Saturday, December 8, 2007
God's Wealth is circulating in my (our) life. God's Wealth flows to me (us) and through me (us) in avalanches of Abundance. All my (our) needs, desires and goals are instantly met, because I am (we are) one with God, and God is my (our) infinite and abundant supply, and God is everything.
on june 8, 2002, i finally walked out on a 10-year sick marriage that wasn't really a marriage in the real sense. at that time, i had my three young kids-- aged 9, 4 and 2-- to take care of on my own as the ex was on belligerent status with support, and saddled with heavy marital debts. knowing him, i cut a quick deal with the ex: "i take the kids, the house and all the debts, you just take the car and leave." of course, he was quick to take the offer.
it has been a long, hard, uphill climb just to get back on my feet again, especially during the first two years. i turned nights into days taking on any extra freelance writing work i could get, just to keep body and soul and my children together. at one point, i almost gave up. one night, after calculating my budget again and seeing how the ends could never possibly meet through my own efforts alone. i looked at my sleeping children contemplating how it might be like if i just put us all to sleep, for good.

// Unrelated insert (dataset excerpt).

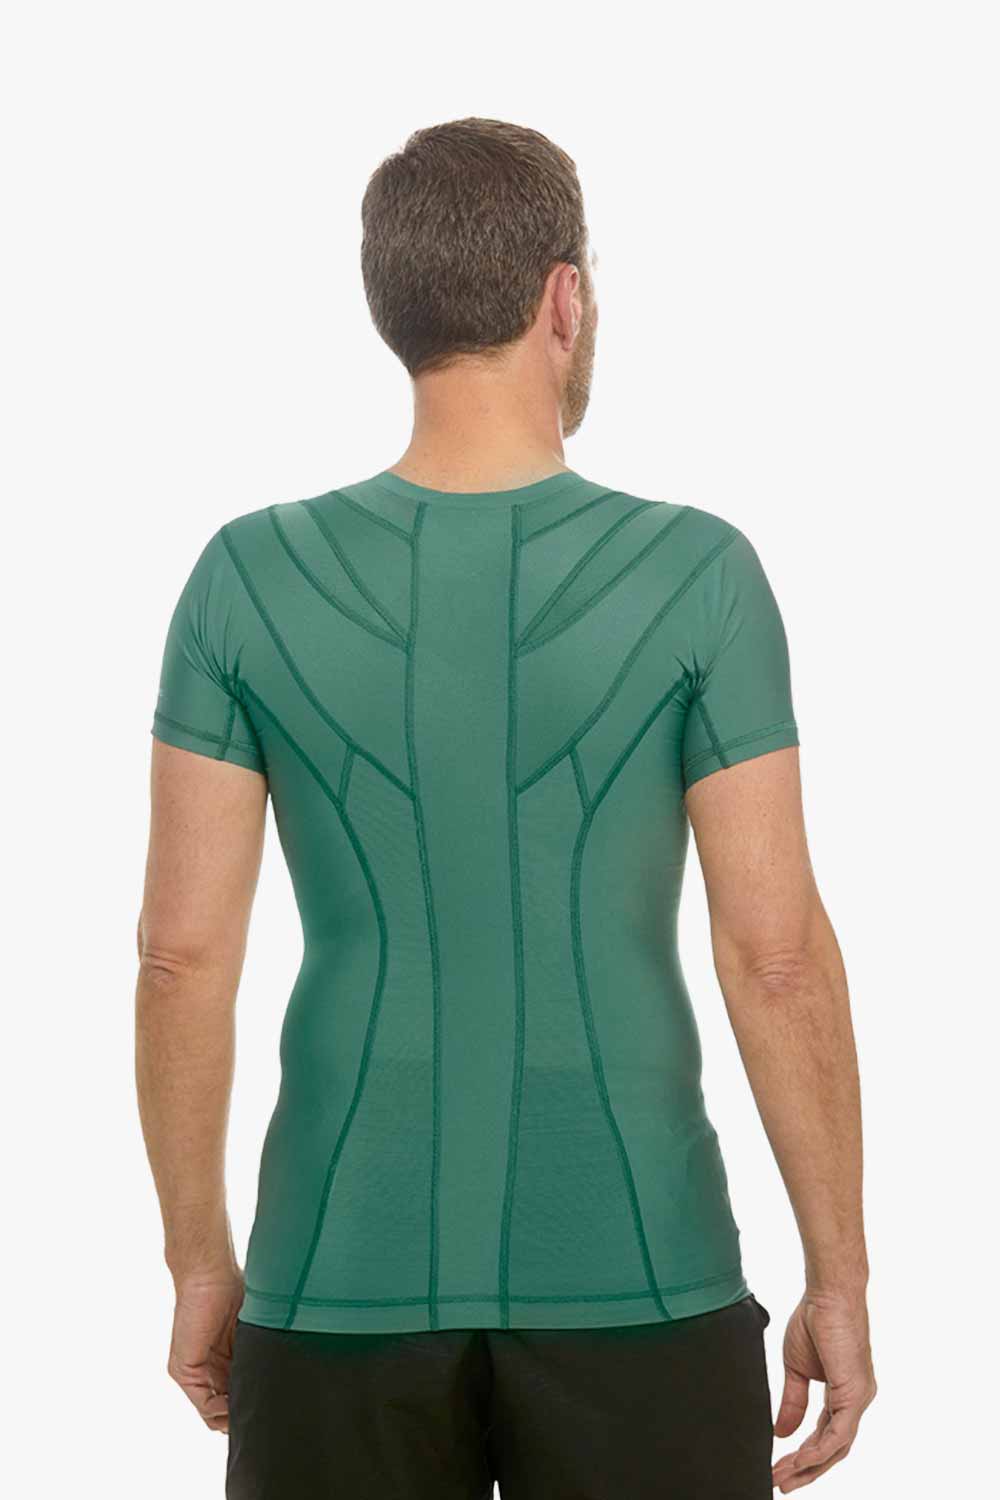 'Men''s Posture Shirt™ - Grün'

thank God i fell asleep (naturally) while contemplating that unnatural thought. that darkest night of my Soul made me finally realize, though, that even if i might have hit rock bottom, my children haven't seemed to have realized and felt it yet, as they remained happy and loving and bright. (throughout the long struggle, i consciously made a supreme effort to keep my fears and anxieties to my self, and stuck my chin up and put up a brave, bold, cheerful, hopeful face with them.)
it struck me then that maybe, it was really just all in the mind-- in my mind particularly. even if we had very little money, they lived happily and healthily with me, so why should i still cling to my fears and worries? times maybe tight but we didn't have to live with tight faces and behaviors, too. we were still free, in that sense, to choose to still live in joy and gratitude, even if and despite of.
this little prayer/mantra above-- along with several other resources i found on the net just to keep my mind diverted from present circumstances and to focus on reaching out for higher, better things and times to come, to sustain hope-- is attributed to Tony Robbins but im not so sure, as i forgot now where i first found it.
anyway, the use of the prayer/mantra is more effective if written at least 20x a day, 10x in the morning and 10x in the evening just before retiring. (one could do more, of course.)
anyway, just to keep myself from totally giving in to despair, i played this little game/experiment with my self by following the instructions (what more could i lose anyway?). and so i wrote the mantra 20x a day in my journal as instructed, even as i was still feeling fearful and anxious everyday.
gradually, though, the physical act of writing it down and focusing on it for at least 20x a day caused changes in me, particularly in my mental state and focus and in my outlook.
the physical act of writing it down made it more and more real, even if just in my mind.
i started thinking, seeing and behaving as if God's Wealth is really in my life, right now.
i started being and feeling more grateful and less fearful. because of the shift in my consciousness and focus, i started seeing more opportunities and doors opening where i would have previously not seen before.
because of this, i started acting more confident, optimistic and proactive, following inspired hunches, keeping faith and continuing to treat people well, despite circumstances and other people's trying behaviors.
more and more, this mantra, along with other tools i learned along the way, helped me clear and heal my self of old, outworn and error thoughts and habits about living life, and living Life Abundantly, even as i developed a deeper, richer spiritual life and relationship with my God.
today, five and a half years later, i am able to take a year's unpaid leave off from my regular job, and just follow my heart, doing what i've always wanted to do-- writing, traveling, enjoying my kids and home and friends, loving and being loved by my Special Someone, totally free to remarry again if i choose to as my previous marriage has been annulled both legally and sacramentally and (surprise, surprise!) even having a friendly, peaceful relationship with the ex (!).
i've also won two national awards along the way for two children's stories i've written and which were subsequently published to critical and market success in my country, aside from having grown two or three more separate but complementary and parallel careers which provide me with multiple streams of income.
now, i'm just basically taking even better care of my self as i discern and explore the next steps and my succeeding Path in Life for me.
i created this blog to share with others that indeed, a Life of Abundance is possible and close at hand!
i also created this blog to share all the many lessons and tools i've learned along the way to create this Abundant Life.
i hope i am able to pay it forward in this way, too.